EdgeLake - KubeArmor Integration

Overview

KubeArmor analyzes telemetry data to understand application behavior for container/node forensics. With thousands of nodes deployed (using Open Horizon), sending events streams to a centralized node is not a viable option. 

To address the need, Open Horizon functionality was extended by deploying on each serviced edge node an EdgeLake agent. The agent pulls the telemetry data from KubeArmor and hosts it locally (EdgeLake appears on each edge node as a local service).

The EdgeLake instances form a decentralized network of nodes that service the distributed edge data as a unified collection of data (whereas the physical data remains distributed at the edge).

With this setup, KubeArmor users and applications are able to query the distributed data. This approach distributes each query to the edge nodes with relevant data and aggregates the individual replies to form a unified and complete result set equivalent to a reply from a cloud based database. A more detailed information on how EdgeLake  Operates is available with this link - Value Proposition.

Users deploying EdgeLake to manage the KubeArmor's event data are able to extract real time insight from their data, enable real-time alerts and monitoring and service the data to analysis and AI applications, all of that without cloud contracts and costs.

Deployment Architecture

Each EdgeLake is instance is configured to pull data from one or more KubeArmor instances. Users have full discretion where to deploy the EdgeLake instances - on the same physical node as KubeArmor or at a remote node.
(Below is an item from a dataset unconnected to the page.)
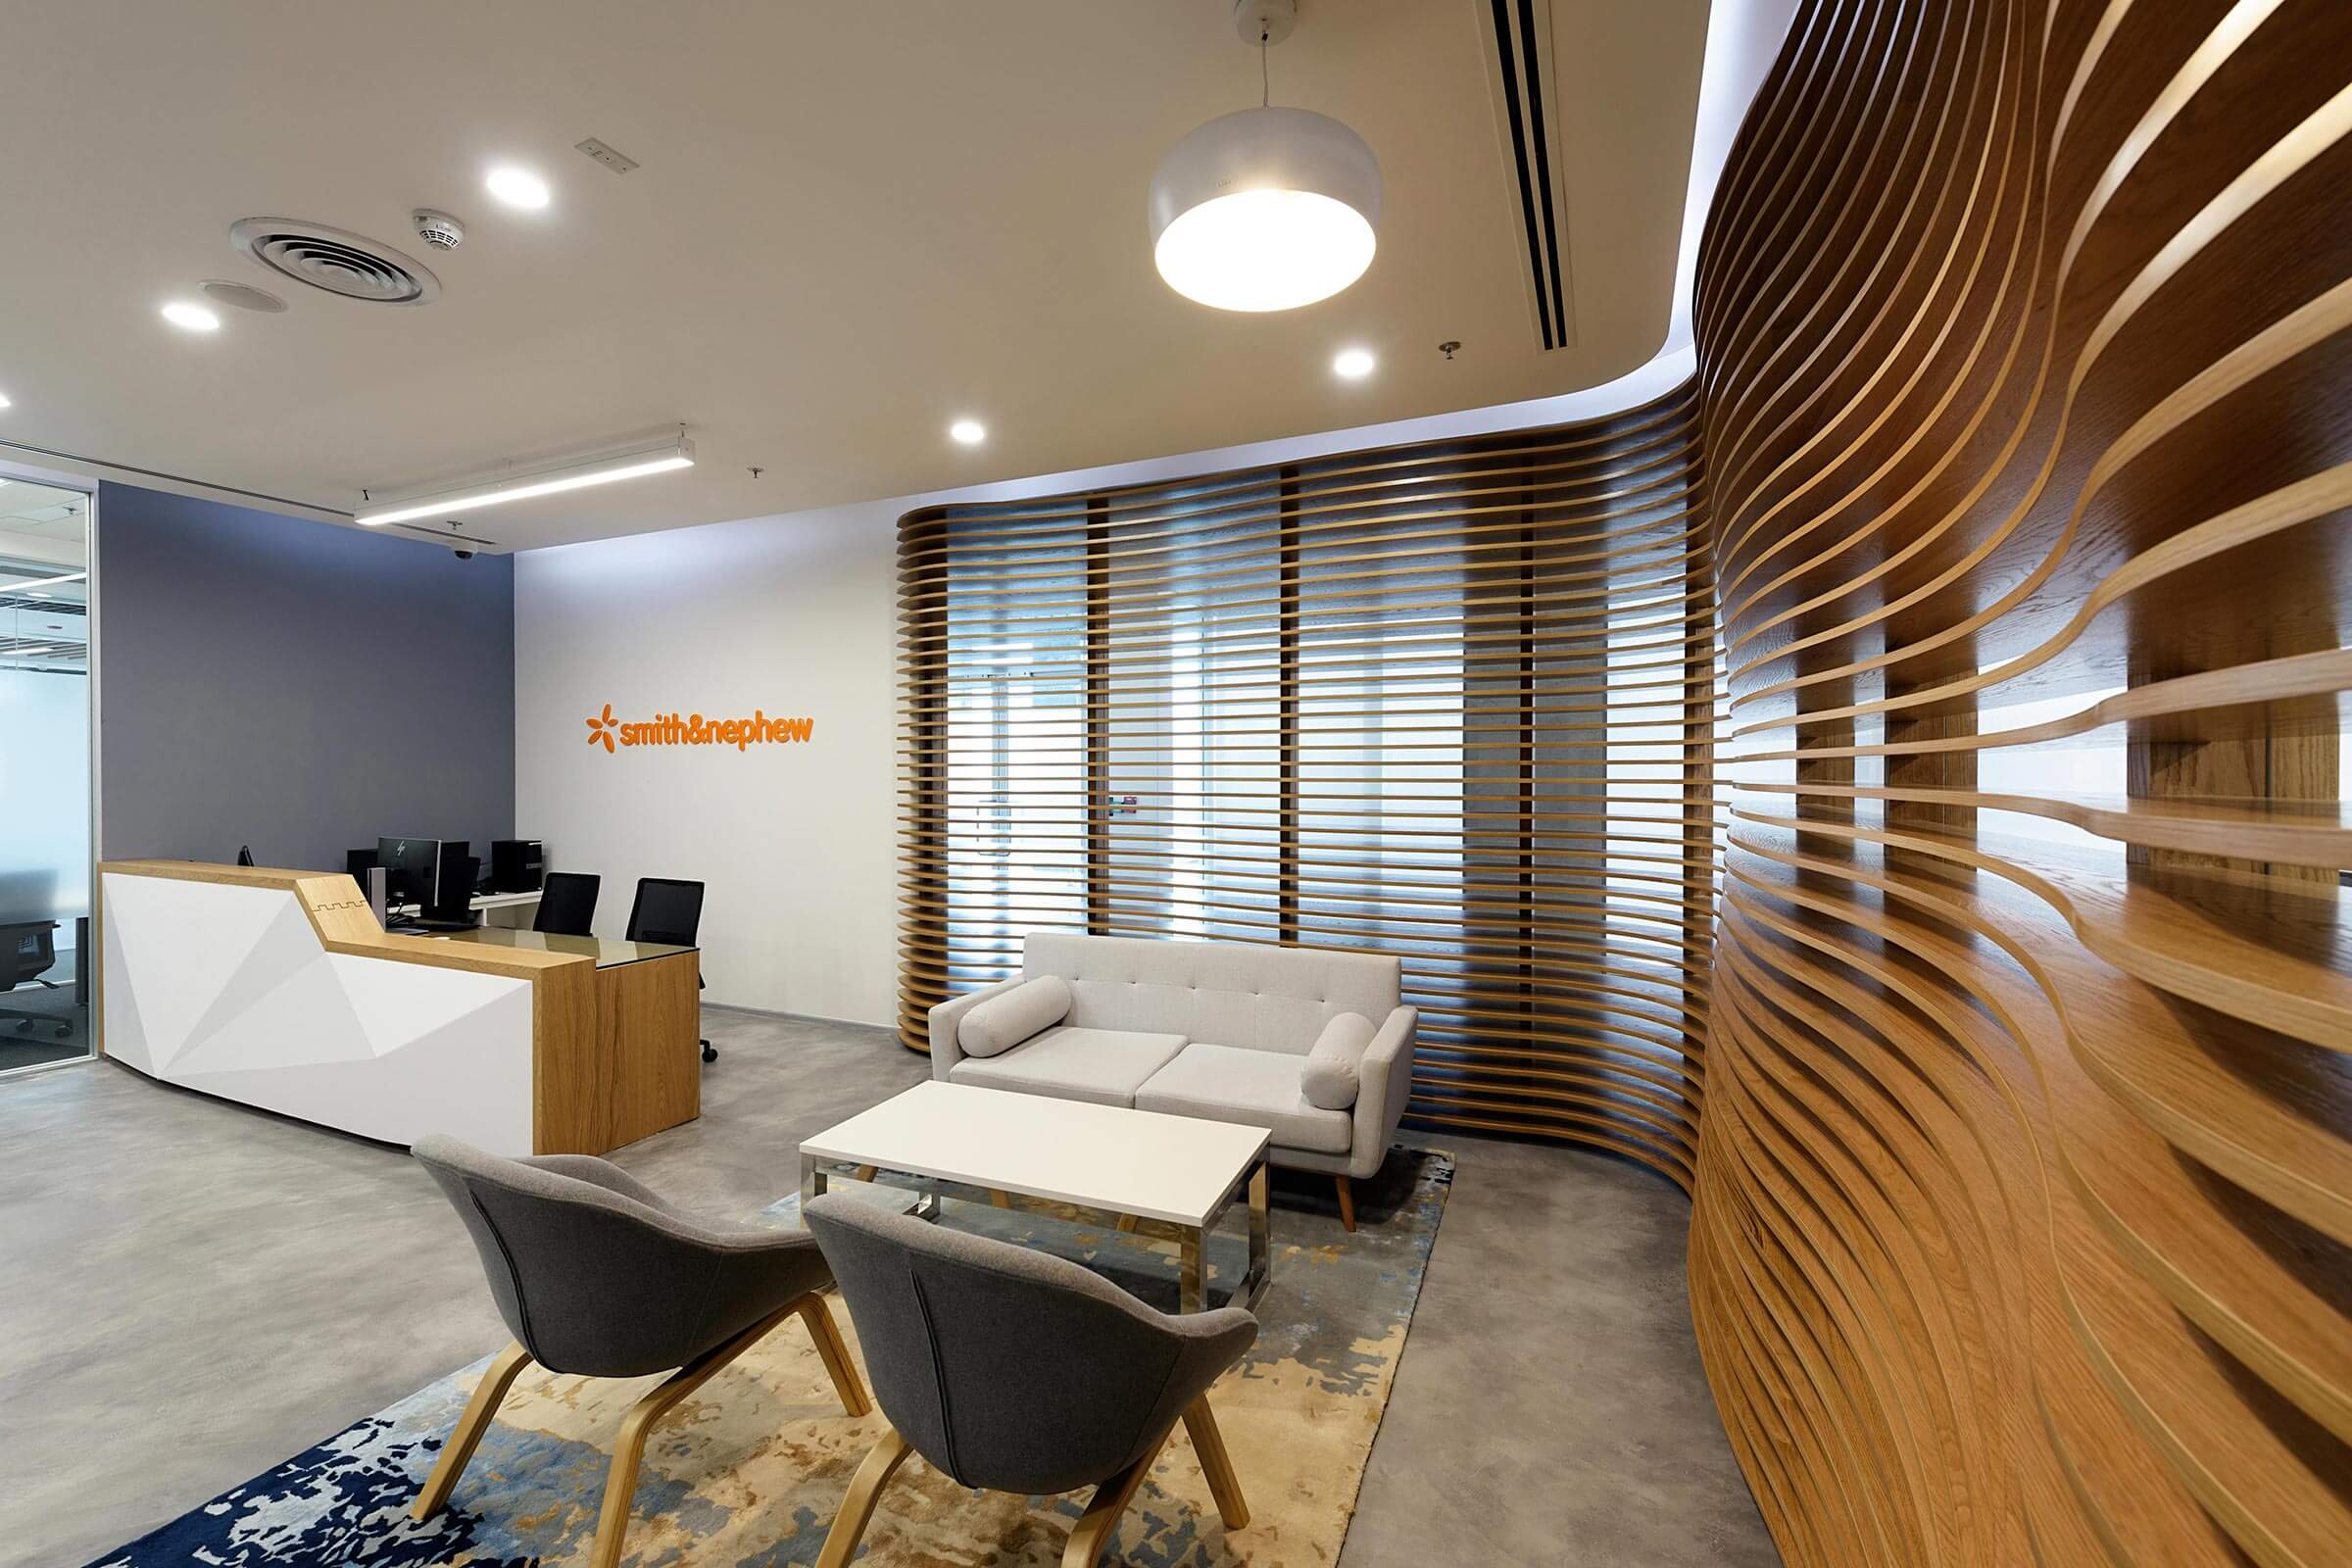 DWP Featured Project Smith & Nephew at pune

EdgeLake can be deployed as an independent instance or as a background process on a machine shared with other instances (physical or virtual).

To host the KubeArmor data, EdgeLake is using a gRPC client service connector (details are available here) to pull the data and host it locally on the EdgeLake node. As each EdgeLake node is a member of the EdgeLake Network, the distributed data is available through the EdgeLake Network services as if the data is centralized.
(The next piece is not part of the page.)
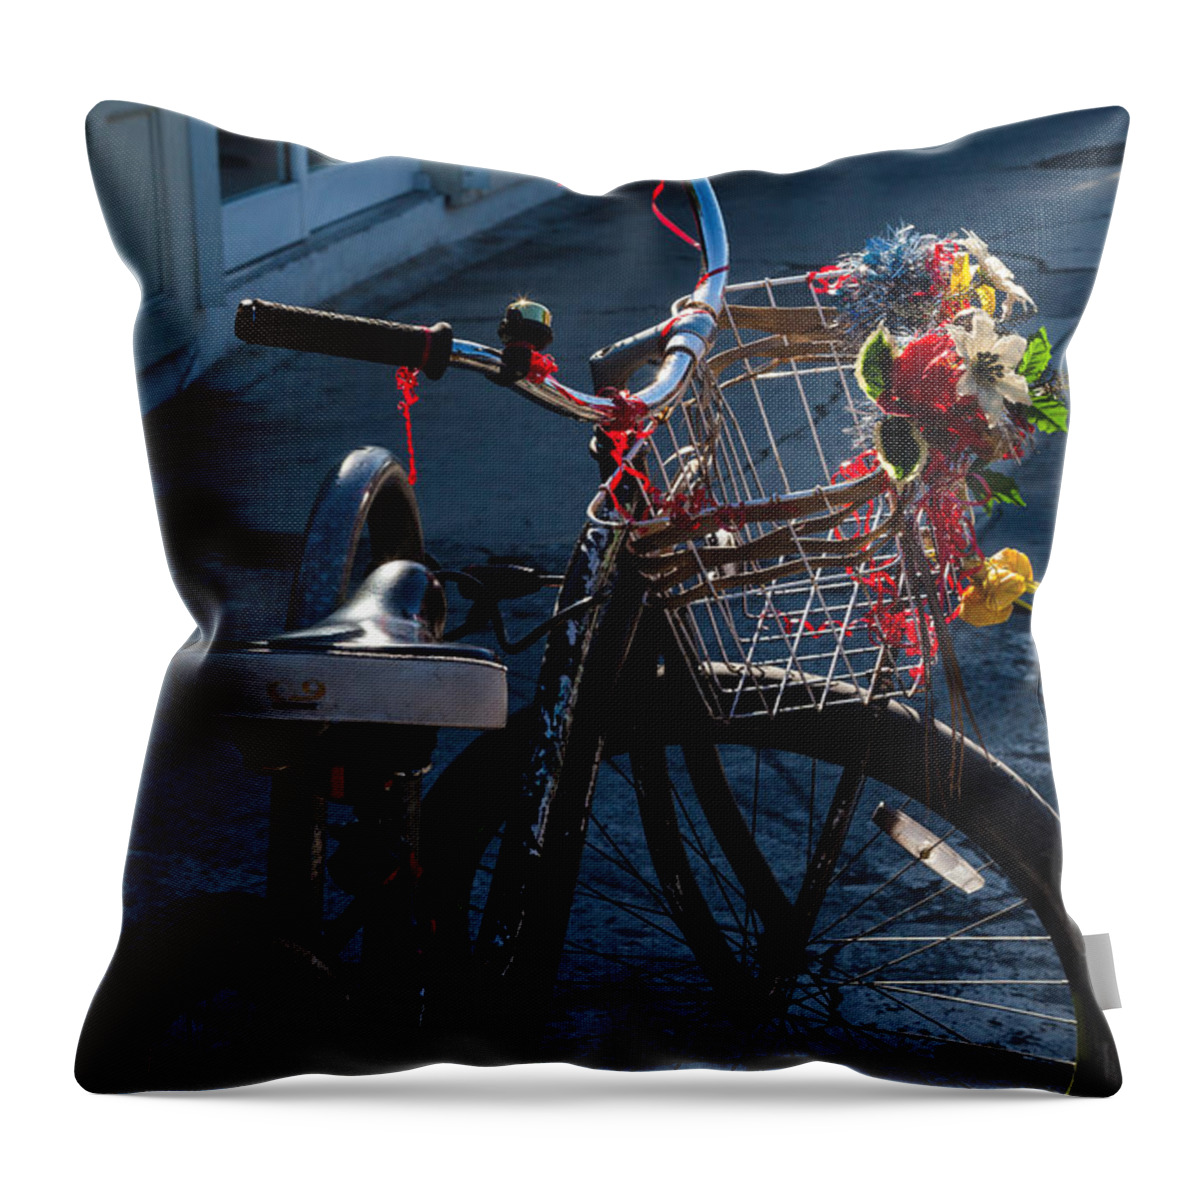 Basket Throw Pillow featuring the photograph Transportation Personality by Ed Gleichman

The overall architecture is shown in the diagram below:




Using this architecture two EdgeLake instances are hosting the KubeArmor event data: EdgeLake 1 is deployed on the same node with KubeArmor. It pulls the KubeArmor event data and hosts it locally.

EdgeLake 2 is deployed on a dedicated node and is pulling data from two KubeArmor instances. EdgeLake 3 is configured to service SQL requests from applications that query the data.

In the same way that applications interact with a relational database, EdgeLake 3 presents to the applications a list of databases, a list of tables for each database and a list of columns per each table.

Using this metadata, applications and users formulate and issue a query to EdgeLake 3. Using the EdgeLake Network protocol and a shared metadata layer (the shared metadata is transparent to the applications and not shown in the diagram), EdgeLake 3 will identify the EdgeLake nodes that host the relevant data (in this example EdgeLake 1, or EdgeLake 2, or both), deliver the query to the participating nodes, and unify the results returned from all the participating nodes.

This process allows to return a complete reply to the application (as if the KubeArmor event data is centralized).

  • This process is efficient as only queries and result sets are being transferred over the network and the core data remains in place.

  • This process is cost-effective as it is not using cloud services

Servicing the KubeArmor data to applications

Using this approach, applications connect to a single node in the EdgeLake Network, without the need to know which are the nodes that host the needed data. However, the queries are distributed transparently to the nodes that host the data that needs to be considered, and a complete result set is returned to the query process. 

The following Dashboard represents a result set returned to a query that was issued to an EdgeLake Network that services multiple KubeArmor instances (the dashboard is using Grafana, but users can leverage PowerBI or any other tool of their choice).



Deployment Options

EdgeLake nodes can be configured to satisfy different deployment and setup requirements. Some of the commonly used options that are used to support KubeArmor event data are listed below: 

  • The number of EdgeLake instances in a network.

  • The number of KubeArmor instances that are supported by each EdgeLake node.

  • The volumes of data to keep on each EdgeLake  node.

  • Data Archive options.

  • High Availability Options.

  • Rules on each of the deployed nodes.

  • Monitoring active KubeArmor Processes

  • Alerts based on data and resource status.

  • Policies to identify and tag nodes and events. The tagging can be leveraged in the query and monitoring processes.